NL MVP: It’s gotta be Albert, right?

THE WATERCOOLER

QUESTION: Most folks believe Albert Pujols will collect his third NL MVP award when the winner is announced tomorrow. However, I think some were surprised last week when neither Chris Carpenter nor Adam Wainwright picked up the NL Cy. Assuming you believe Albert will win the award, what player(s) could jump up and possibly lay claim to this year’s NL MVP?

DERRICK GOOLD
I’m not sure there is a warped case or arcane number out there that can find a player more deserving of the NL MVP. It just doesn’t compute. Prince Fielder probably has the most attractive blend with his NL-best 141 RBIs and those 46 home runs that put him one behind Albert Pujols. Ryan Howard has claimed the MVP before with a strong finish, and it’s possible his 19 home runs and 63 RBIs in the season’s final two months — for a team pushing for a postseason berth — will attract a fair amount of votes this year, too. Those are the two players who could. The question who SHOULD brings a different answer. Hanley Ramirez plays a premium position and won a batting title. That’s an intriguing combination any year, and it’s one that should have won Joe Mauer an AL MVP award long before today. But the real answer to the SHOULD question is found in Philly: Second baseman Chase Utley, the best player the Philadelphia Phillies have had for several years, has seen two teammates win MVPs and it long past his turn. Pujols may be atop a majority of the 32 ballots tomorrow, but Utley should be close behind him.

BERNIE MIKLASZ
Chase Utley would be the obvious second choice. The Phillies’ second baseman is a terrific run producer and defender and he remains ridiculously underappreciated by voters — whether they be writers or the managers and coaches who vote for Gold Gloves.

RICK HUMMEL
There is zero chance that anybody else will win the award. The only question is whether Pujols will receive all 32 first-place votes and, it says here, that he will. The only debate will be who finishes second: Hanley Ramirez, Ryan Howard or Prince Fielder.

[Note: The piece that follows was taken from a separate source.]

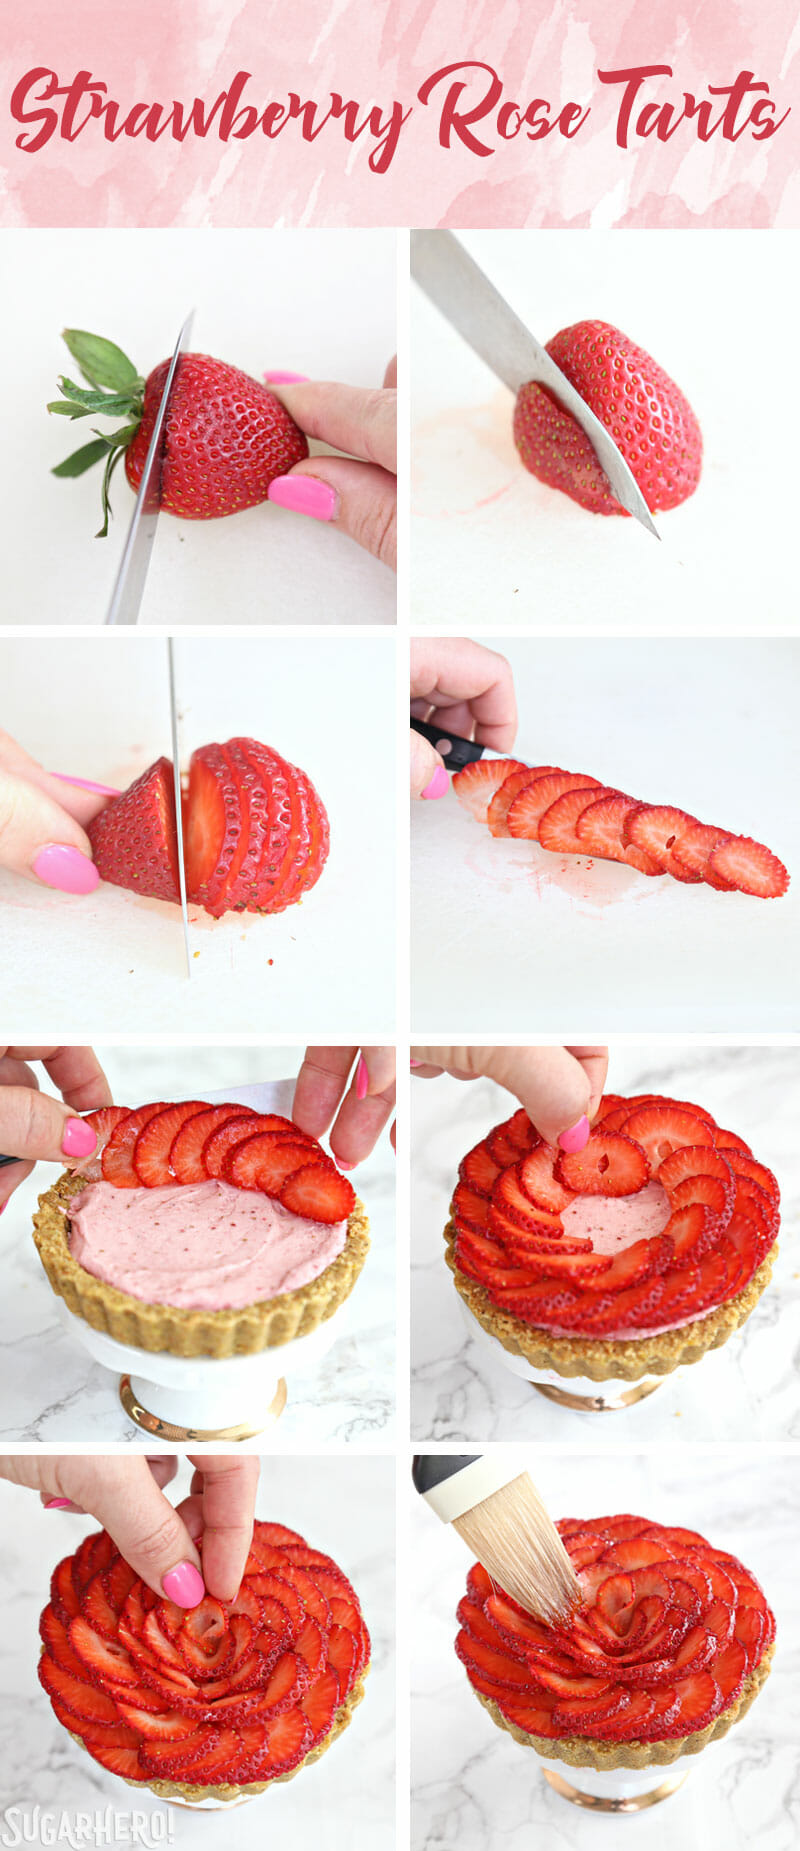 Strawberry Rose Tarts - picture tutorial showing how to assemble the strawberries on top of a strawberry rose tart | From SugarHero.com

KEVIN WHEELER (Host of “Sports Open Line” on KMOX)
There isn’t anyone who can claim the award over Albert and he should get all 32 first-place MVP votes. If anyone other than Albert gets a first-place vote it would be a vote cast with an agenda, in my opinion. Hanley Ramirez, Ryan Howard and Prince Fielder are the other players who seem likely to finish near the top in the MVP race but none of them can lay claim to having had the season Albert did.

Ramirez led the league in hitting but doesn’t have the power numbers to hang with the big boys this year, plus his team was not a playoff contender. Howard and Fielder had the requisite numbers to enter the fray, though Pujols led the Majors with his 1.101 OPS, but other things work against them. Some would argue that Howard isn’t even the MVP of his own team, though I think he is, and Fielder’s team was not in the playoff mix. Toss in the fact that Albert is better than Fielder and Howard in every other aspect of the game (fielding, base running) and it should be a runaway.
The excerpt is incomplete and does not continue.